Task data:
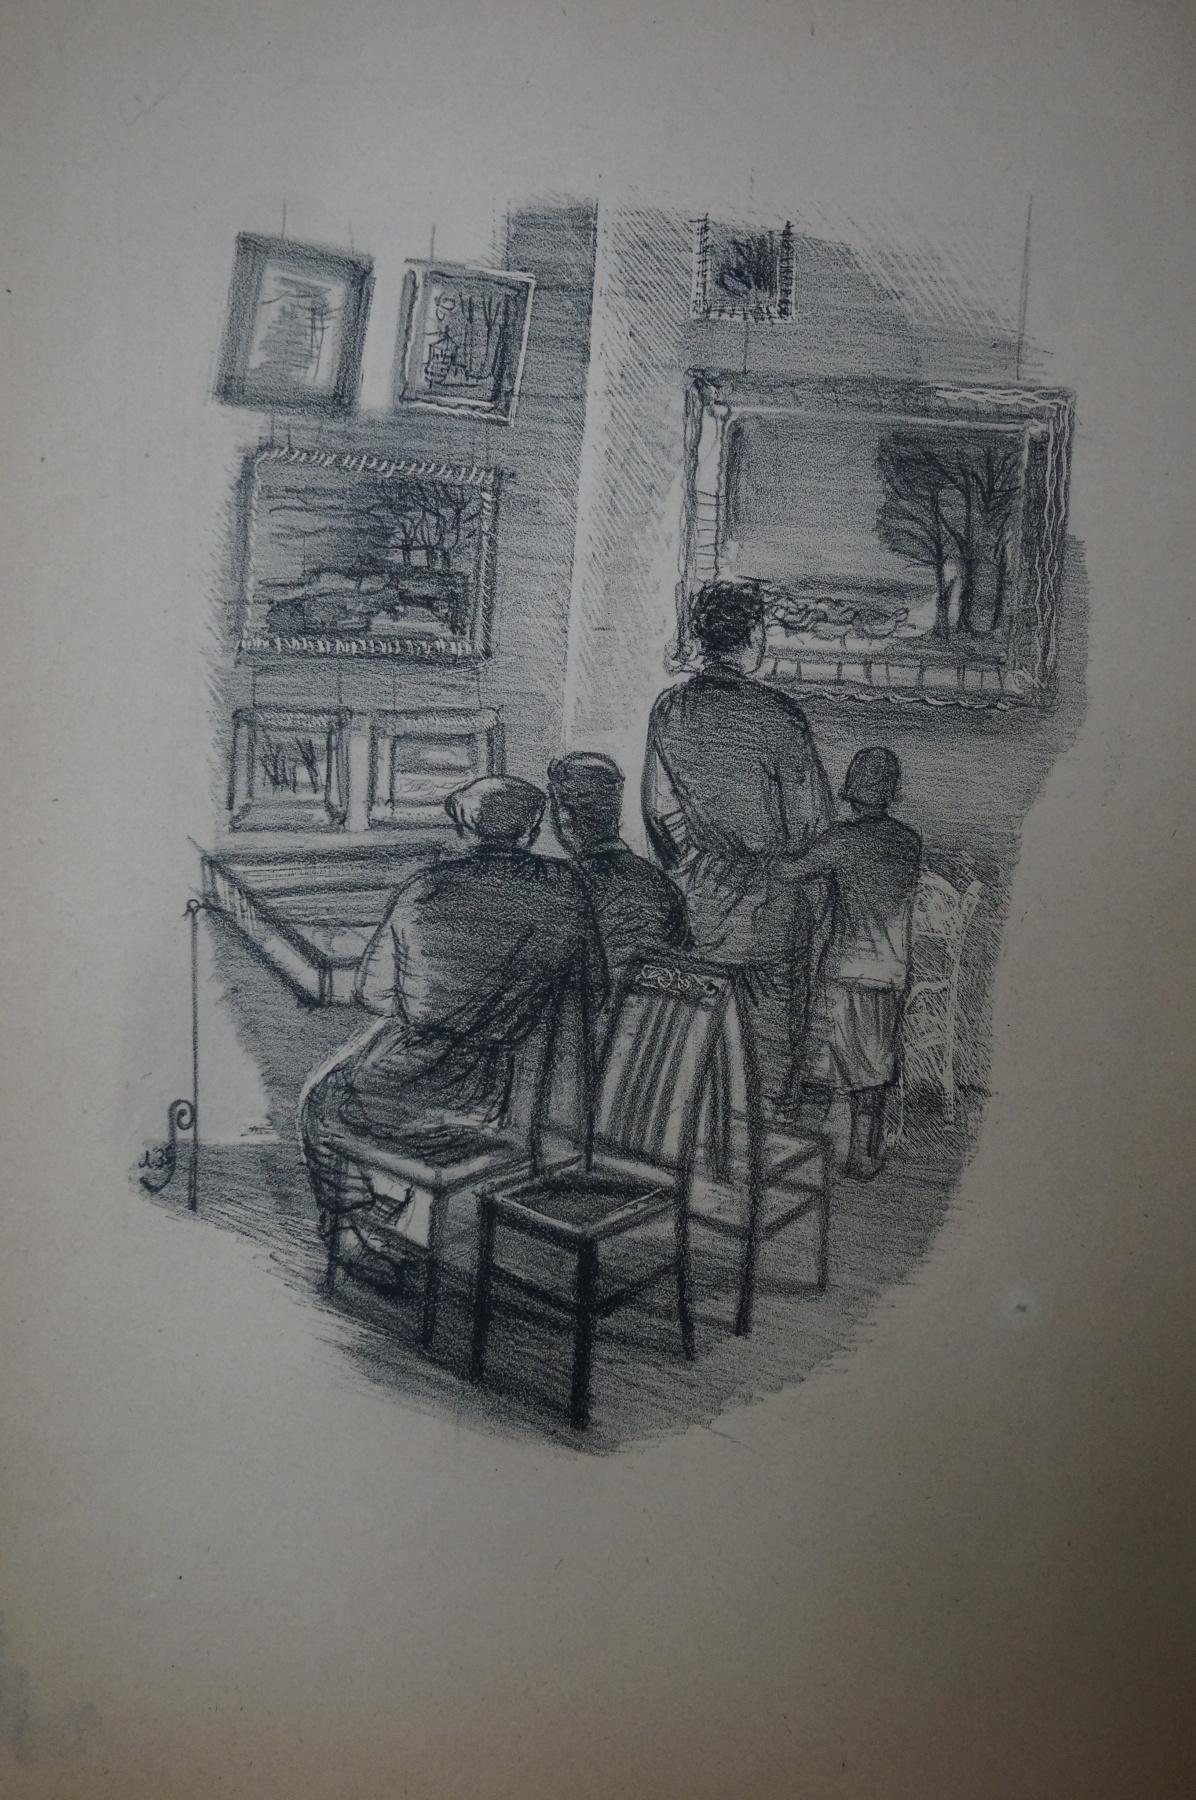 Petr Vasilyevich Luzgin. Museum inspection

* * *

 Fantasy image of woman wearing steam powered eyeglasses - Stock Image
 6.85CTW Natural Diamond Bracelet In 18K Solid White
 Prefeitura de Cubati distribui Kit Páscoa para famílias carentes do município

Task statement:
Only the lines from the one containing "Fantasy image of" through the one containing "Prefeitura de Cubati" are to be retyped, both boundary lines included, with no other material.

Result for this task:
 Fantasy image of woman wearing steam powered eyeglasses - Stock Image
 6.85CTW Natural Diamond Bracelet In 18K Solid White
 Prefeitura de Cubati distribui Kit Páscoa para famílias carentes do município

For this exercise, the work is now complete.